# I Have A New GrandFid!



## TAWhatley (Mar 6, 2001)

Hi All,

At long last Castor and FanFan successfully hatched a baby
yesterday. The other egg you see in the pictures
got a serious dent in it from them on about day two .. I taped it,
but when I checked the egg tonight, the partially developed
embryo was dead .. the membrane of the egg had dried out.

Anyway, we've got one .. sadly, the first thing they did was
both get off of it, and it got cold. I put it on heat last tonight and
then back with the parents this morning .. so far, so good.

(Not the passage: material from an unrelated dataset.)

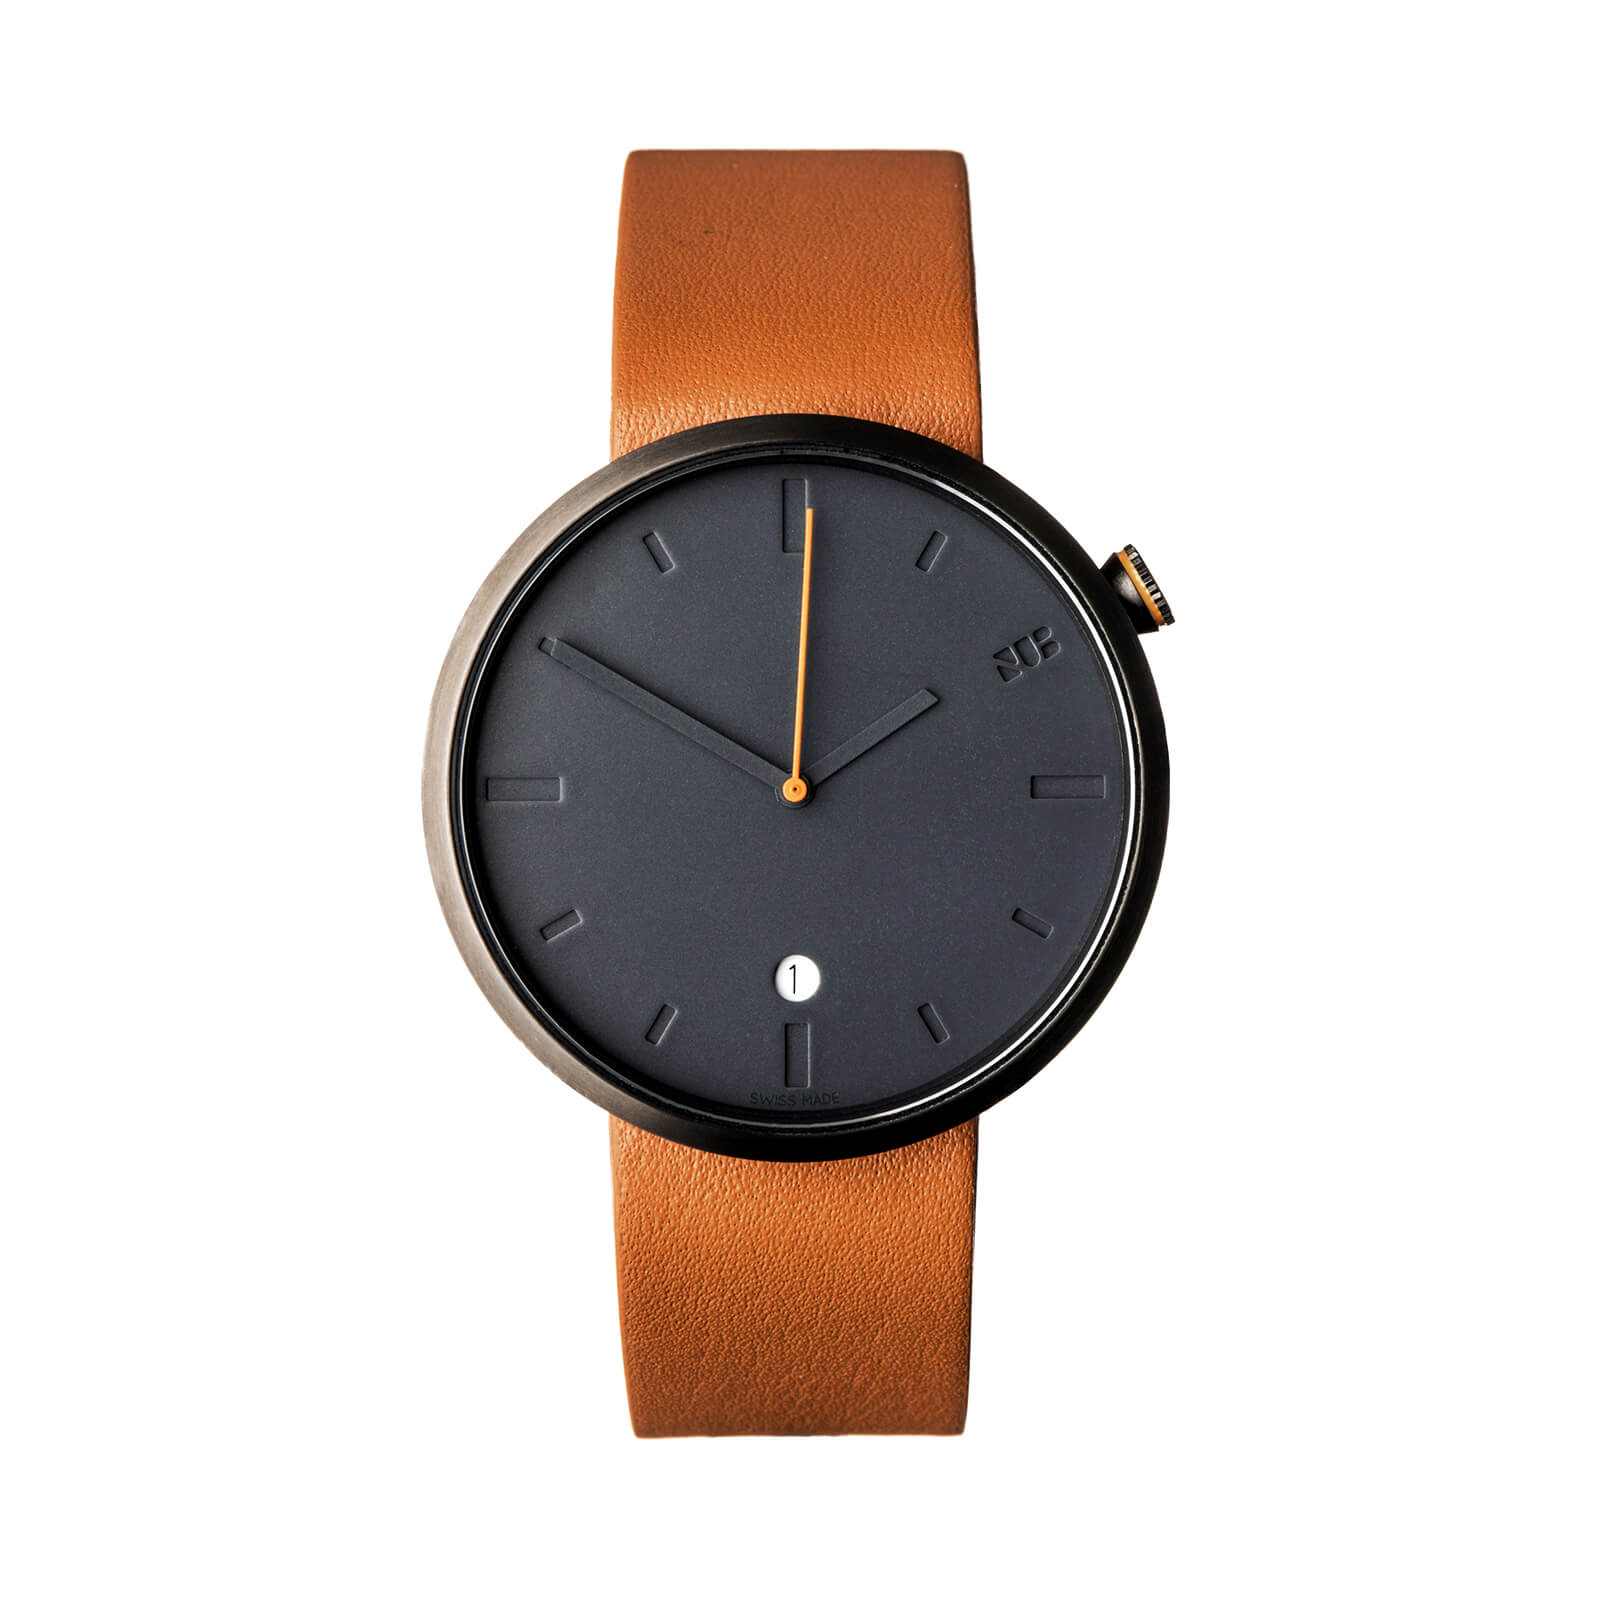 The 5 Best Minimalist Watches For Men [Buying Guide] - NUB Watches

http://www.rims.net/FanBaby

and some better pics from today .. this is Mom On The Job
and very unhappy with my interference http://www.rims.net/FanBaby2

Terry


----------



## Pigeonpal2002 (Jul 27, 2002)

Hi Terry, 

Awwwww....congratulations on the new "grand fid". I'm sorry but I don't recall the story of Castor and Fanfan or why they were having such a hard time raising young. However, I sense your happiness and I'm very happy for you, Castor and FanFan


Thanks for the delightful pics,


----------



## Lin Hansen (Jan 9, 2004)

Hi Terry,

Isn't Castor the fantail that Peapicker drove to you all the way from Kentucky and lost his mate Pollux around the same time? So glad to hear everything worked out for you and Castor and congratulations on the new baby....best wishes that everything goes well.

Linda


----------



## Lovebirds (Sep 6, 2002)

I'm curious to see this baby growing up. Never seen a baby Fantail. Do their tails fan out at a young age? So cute.............


----------



## TAWhatley (Mar 6, 2001)

Thanks everyone! Yes, Castor is Marjorie's beautiful boy, and yes, he was driven from Kentucky to California to become my beautiful boy. FanFan is one of my rescues from several years ago. It was such a delight to see Castor and FanFan become devoted mates. They have had many failed clutches since they got together, so their success with this one was a wonderful surprise.

Renee .. I've never seen a baby fantail myself, so I'll try to keep the pictures going as the baby grows, and we can all see how the baby develops. I would imagine that an itty bitty fan would appear as the feathers start coming in.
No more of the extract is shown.